# Manager andato e...



## Tebe (24 Agosto 2012)

Stamattina era il suo ultimo giorno.
Ieri ci siamo lasciati in mail con una mia domanda, una cazzata, nulla di importante, a cui ovviamente non ha risposto.

Stamattina me la sono cazzeggiata con Pupi che mi maillava dicendo che il Boss era rintanato nel suo ufficio mannaro da solo.

Mi è dispiaciuto non avergli augurato buone vacanze o che non mi abbia scritto, ma non per una roba sentimentale di ammmmore ma perchè lo leggo, questo silenzio, come una sua forzatura.

Non sta bene e mi dispiace. 
Comunque...ho fatto la brava e non mi sono fatta sentire.
Alle tre e mezza ricevo un altra mail da Pupillo.

_Il capo è andato e mi ha detto "Quando vedi Tebe abbracciala da parte mia" e mi ha ancora rotto il cazzo con le piante.

Ti ha detto di darmi un abbraccio?
Paura...

Perchè paura?

Perchè è uno stronzo figlio di puttana e non capisco se è una presa per il culo o no. Sono certa sia convinto che io e te si abbia una storia segreta.

Si Tebe, lo penso anche io. Ma sono sicurissimo che non è una presa per il culo, davvero. Anche io lo vedo spesso come un borioso figlio di puttana ma altre volte lo vedo tutto l'opposto.
Credo sia un pò geloso del nostro rapporto e vorrebbe avere anche lui la stessa confidenza , ma ovviamente non lo reputa professionale anche se con te e si è sempre comportato in maniera diversa che con tutti.
_

mah...

comunque adesso ho deciso di scrivere per queste tre settimane le mie pene d'ammmmmmmmmmmore per un forumista.
Non saprete mai chi è, e in effetti nemmeno lui sospetta di essere diventato il mio sogno erotico maximo via pc.
Me lo vedo alto. Capelli scuri, occhi scuri, compatto un pò randagio.
Quando scrive praticamente ho degli orgasmi multipli e penso cose inenarrabili su cosa gli farei.
I miei soliti film porno in sostanza.

Insomma....metterò una nuova categoria dal titolo...boh...Amori segreti?
(talmente segreti che sto poveretto non se ne è nemmeno accorto che sono virtualmente innamorata di lui..)


----------



## Minerva (24 Agosto 2012)

scusa , tebe, ma questo dire non dire mi pare stupidino.
è voluta dirai , se ti conosco un po' , ma rimane stupidino lo stesso.
piuttosto : come stai?
siamo passati dal rischio ricovero d'urgenza alla forma perfetta ...ma cosa aveva procurato il malanno?
tutto a posto?


----------



## Ultimo (24 Agosto 2012)

Tebe.... sai che sono Siculo no ?


----------



## Minerva (24 Agosto 2012)

chi è , gioi?


----------



## Tebe (24 Agosto 2012)

Minerva;bt5357 ha detto:
			
		

> s*cusa , tebe, ma questo dire non dire mi pare stupidino.
> è voluta dirai , se ti conosco un po' , ma rimane stupidino lo stesso.*
> piuttosto : come stai?
> siamo passati dal rischio ricovero d'urgenza alla forma perfetta ...ma cosa aveva procurato il malanno?
> tutto a posto?


parli del mio amore segreto?
ma non lo voglio dire davvero! Se no che segreto è! E poi comunque lui non si è accorto di niente, quindi mi posso fare tutti i film che voglio!

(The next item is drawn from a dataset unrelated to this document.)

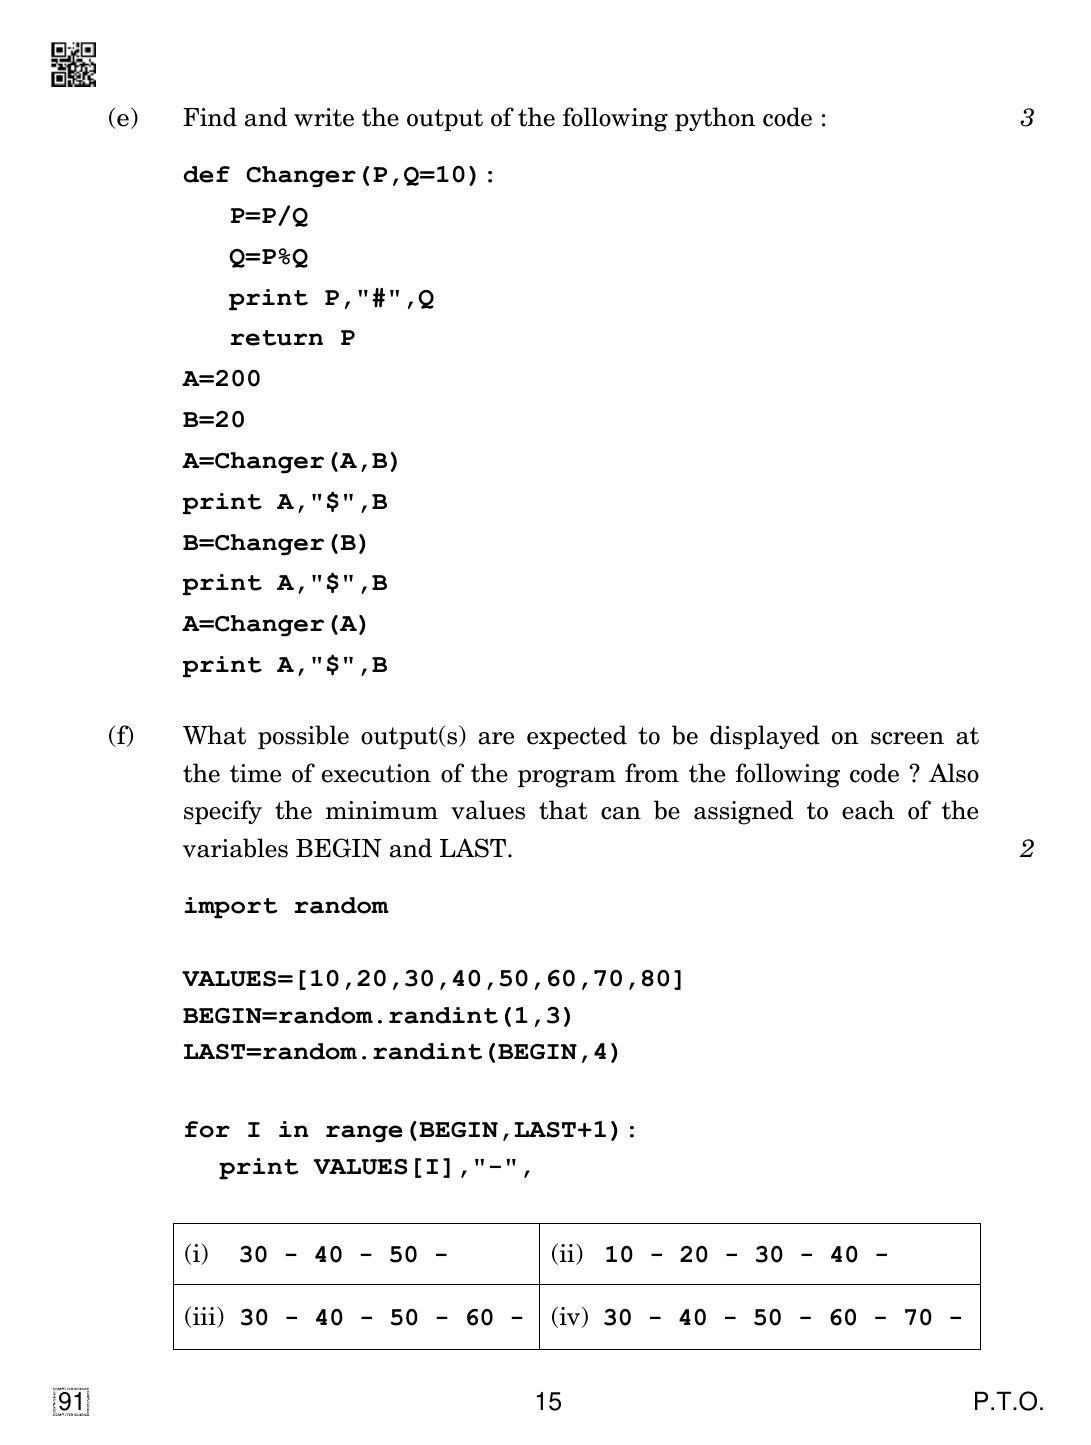 CBSE Class 12 91 Computer Science 2019 Question Paper - Page 15

Come sto...benino. Sono ancora sottopeso e ho rifatto le analisi delle urine qualche giorno fa e sono risultate a posto. Infezione debellata, anche se è rimasta un mistero. 
Analisi del sangue ok, tranne gli esami ormonali. Quelli sballati totale. Prossima settimana vado dal gine a farglieli vedere, magari potrebbe essere una causa delle mie febbre improvvise e delle mie infezioni misteriose.


Devo ammettere però che non mi sono mai sentita così stanca e "malata" come in questi ultimi mesi.Faccio fatica davvero a fare tutto. Tranne curare i miei animali e i miei fiori.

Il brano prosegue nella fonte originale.